Each delta mean arterial pressure, delta systolic blood pressure and delta heart rate value during CV-scES was calculated as the difference of that value and the average of all pre-CV-scES values. These data were not normally distributed and they were also autoregressive (p-value of serial correlation <0.05). The signed rank test (comparing medians) adjusted for serial correlation using the method of effective sample size was used to test whether delta mean arterial pressure, delta systolic blood pressure, delta diastolic blood pressure and delta heart rate are different from 0. Statistical analyses were performed in SAS 9.4 (SAS Institute, Inc, Cary, N.C., USA).

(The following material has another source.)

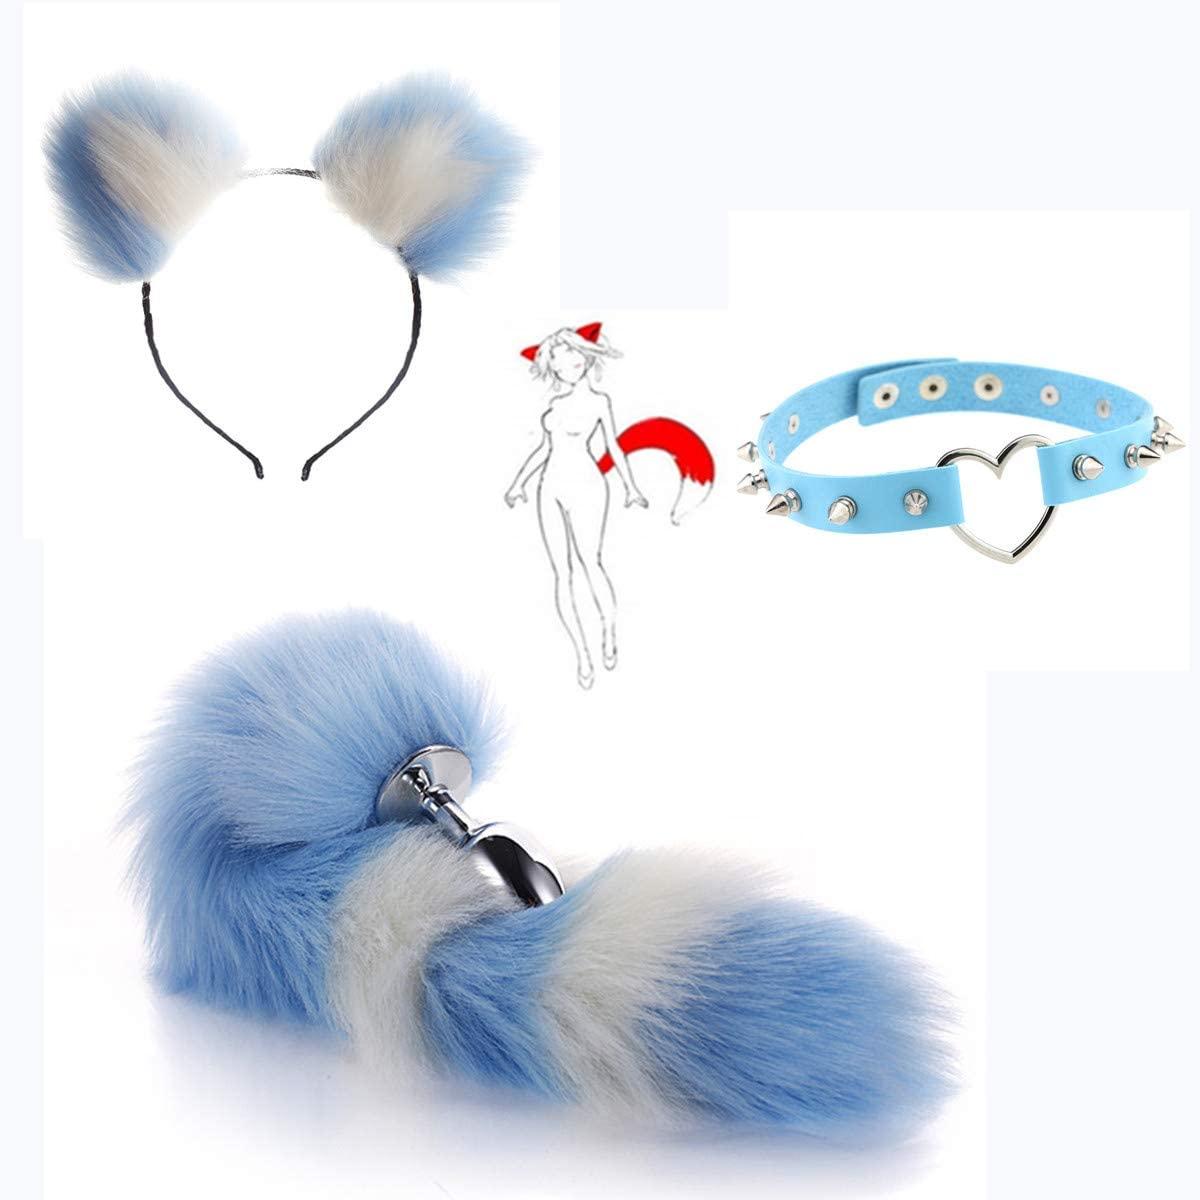 3Pcs/Set Fluffy B-ütt Pl-ǔg Fox Tail Plush Cat Ears,Heart-Shape Spikes Collar Choker Necklack Masquerade Halloween Costume Cosplay Props - L
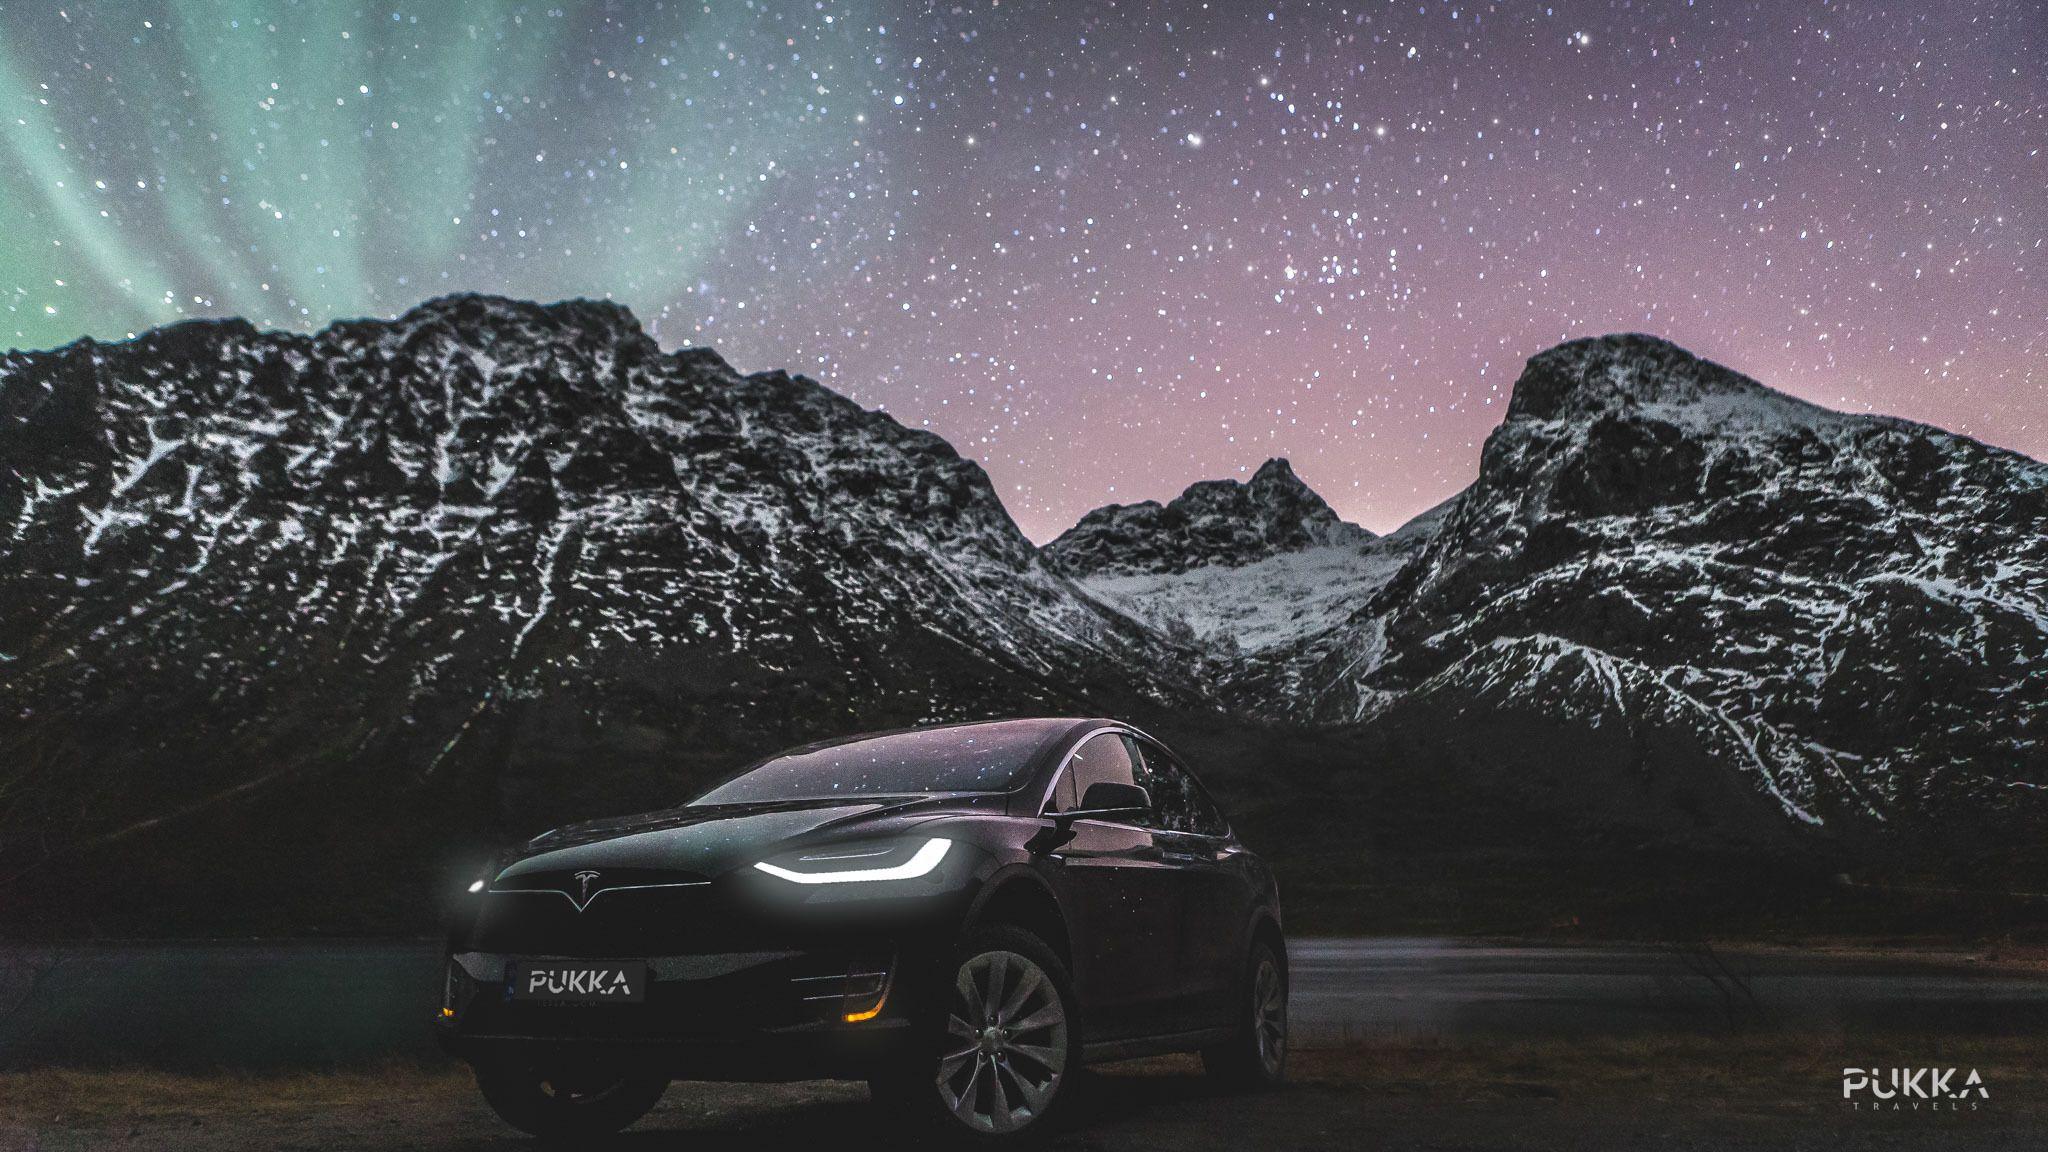 Aurora Borealis and a Tesla

Each individual completes three days of motor mapping of the electrode encompassing voltage response and frequency response curves of local two anode-cathode combinations rostral caudal and left right to determine the initial CV-scES configurations. EMG activity is recorded to identify those combinations that modulate blood pressure but do not elicit motor activity (FIGS. 2A, 2B, and 2C). EMG is at 2,000 Hz using a 24-channel hard-wired AD board and custom-written acquisition software (Labview, National Instruments, Austin, Tex.). EMG (MotionLab Systems, Baton Rouge, La.) from the soleus, medial gastrocnemius, tibialis anterior, medial hamstrings, rectus femoris and vastus lateralis using bipolar surface electrodes with fixed inter electrode distance. In addition, two surface electrodes were placed over the paraspinal muscles, symmetrically lateral to the epidural electrode array incision site. These two electrodes were used to record the stimulation artifact from the implanted electrode. EMG data were rectified and high-pass filtered at 40 Hz using Labview software customized by our laboratory. In these experiments we are very often modulating the parameters (anode, cathode selection; frequency and amplitude, number of programs) and the focus is to winnow down to successful CV-scES configurations. The goal is to find a CV-scES configuration that can maintain a relatively stable blood pressure within non-injured defined normal ranges for 2 hours without eliciting motor activity.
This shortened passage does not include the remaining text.